**Task objective**
Where in the data below does the word "International" appear? Copy every line that has it.

**Data excerpts**
• • • • •

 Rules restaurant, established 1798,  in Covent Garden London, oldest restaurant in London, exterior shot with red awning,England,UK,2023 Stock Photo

• • • • •

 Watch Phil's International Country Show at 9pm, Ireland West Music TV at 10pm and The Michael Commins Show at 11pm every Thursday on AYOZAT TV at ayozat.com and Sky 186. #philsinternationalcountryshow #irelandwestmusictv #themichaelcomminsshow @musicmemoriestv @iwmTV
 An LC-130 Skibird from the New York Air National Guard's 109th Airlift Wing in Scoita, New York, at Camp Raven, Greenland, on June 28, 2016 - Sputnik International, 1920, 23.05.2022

• • • • •

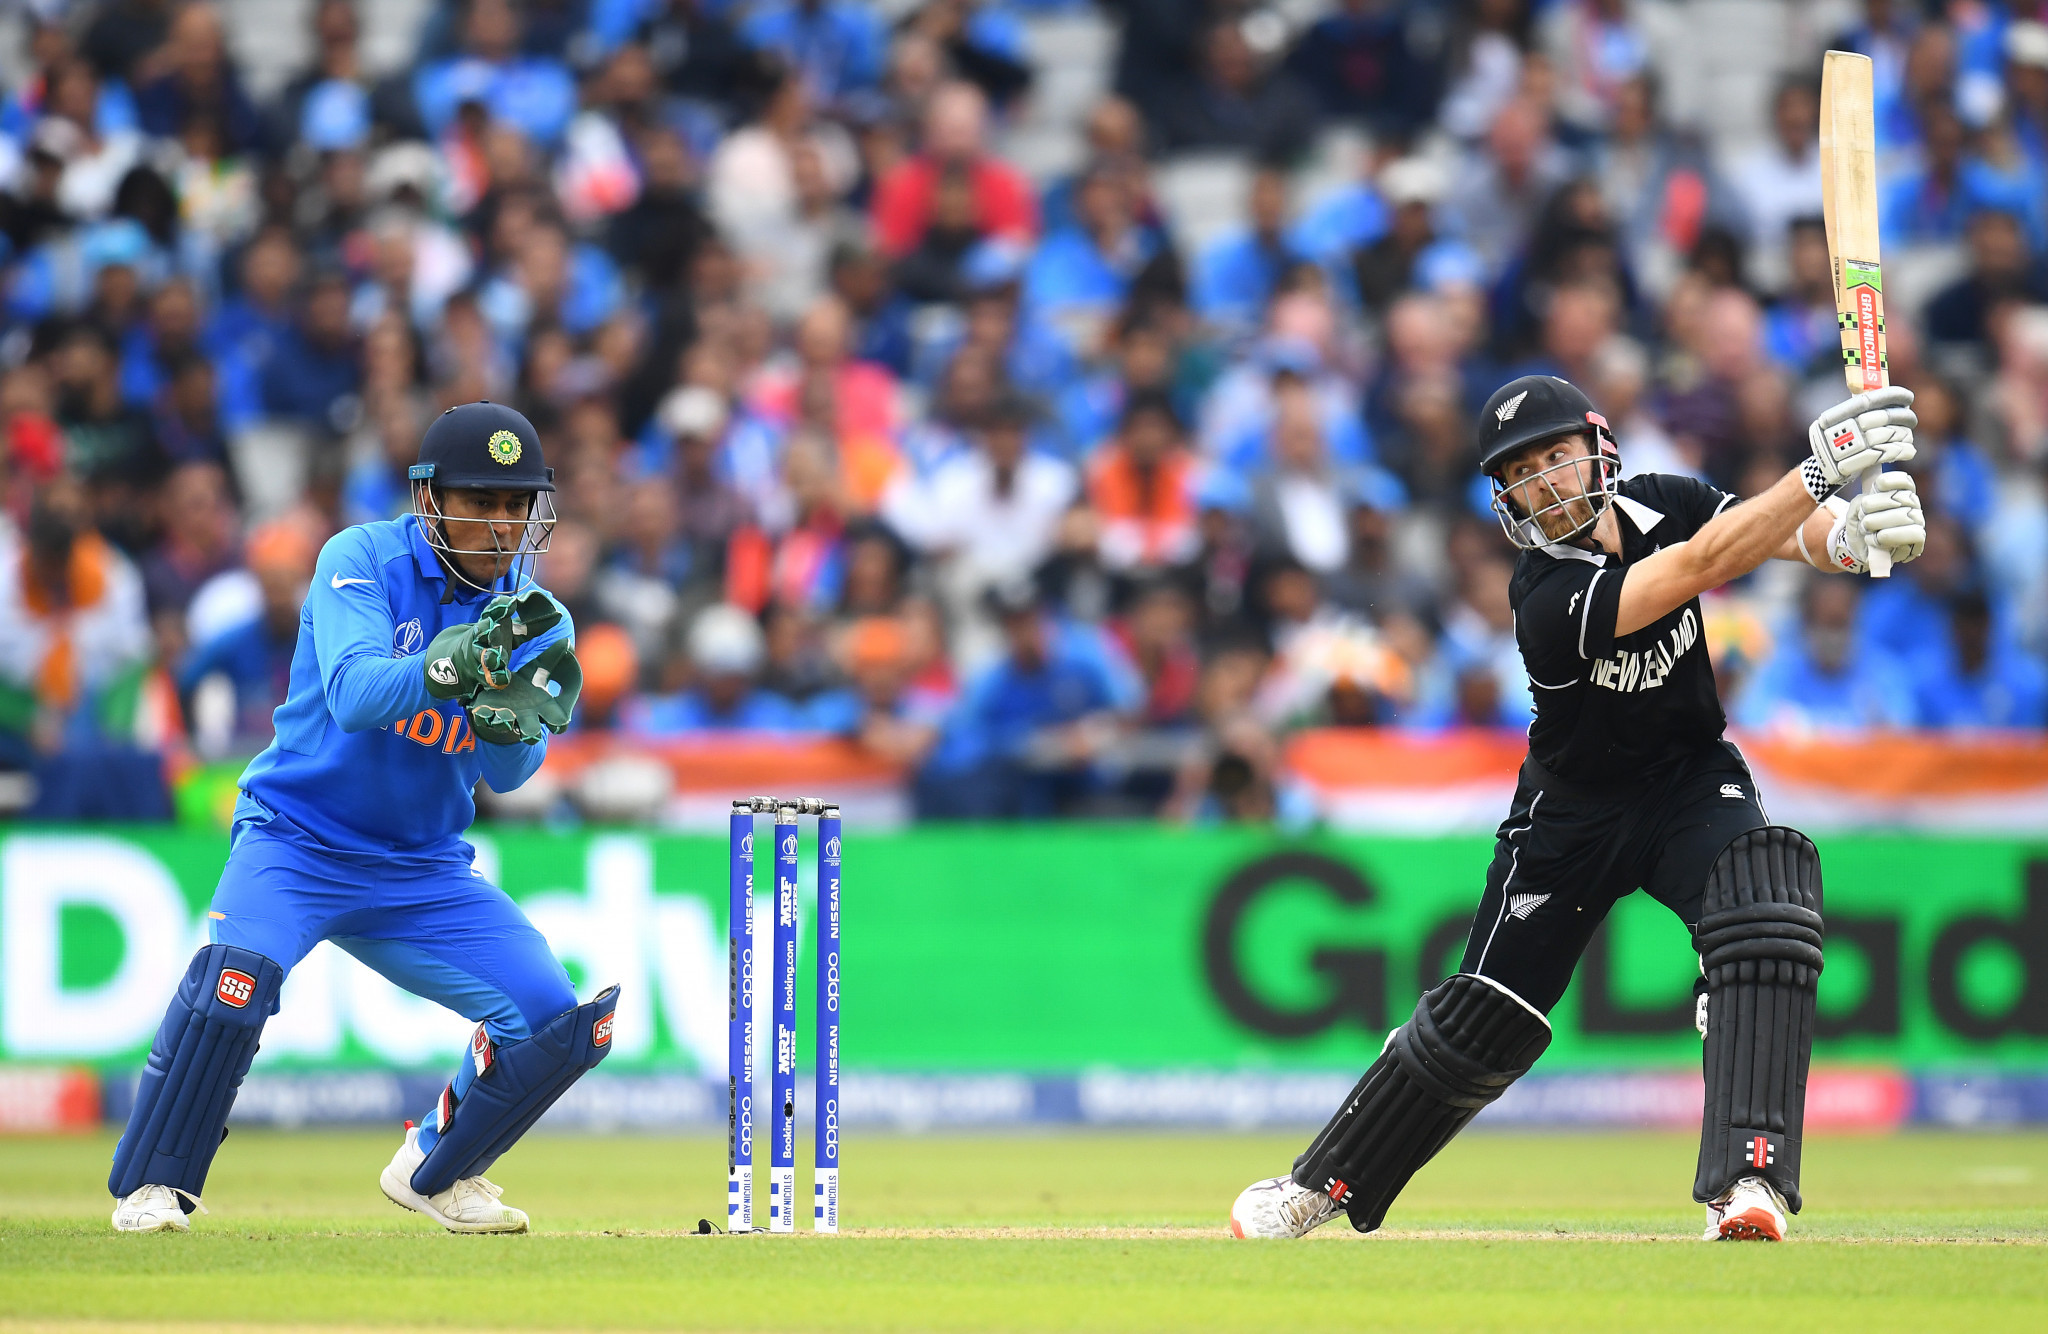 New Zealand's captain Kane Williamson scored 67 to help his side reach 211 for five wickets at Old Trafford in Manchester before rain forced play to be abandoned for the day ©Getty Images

• • • • •

**Answer for this exercise**
 Watch Phil's International Country Show at 9pm, Ireland West Music TV at 10pm and The Michael Commins Show at 11pm every Thursday on AYOZAT TV at ayozat.com and Sky 186. #philsinternationalcountryshow #irelandwestmusictv #themichaelcomminsshow @musicmemoriestv @iwmTV
 An LC-130 Skibird from the New York Air National Guard's 109th Airlift Wing in Scoita, New York, at Camp Raven, Greenland, on June 28, 2016 - Sputnik International, 1920, 23.05.2022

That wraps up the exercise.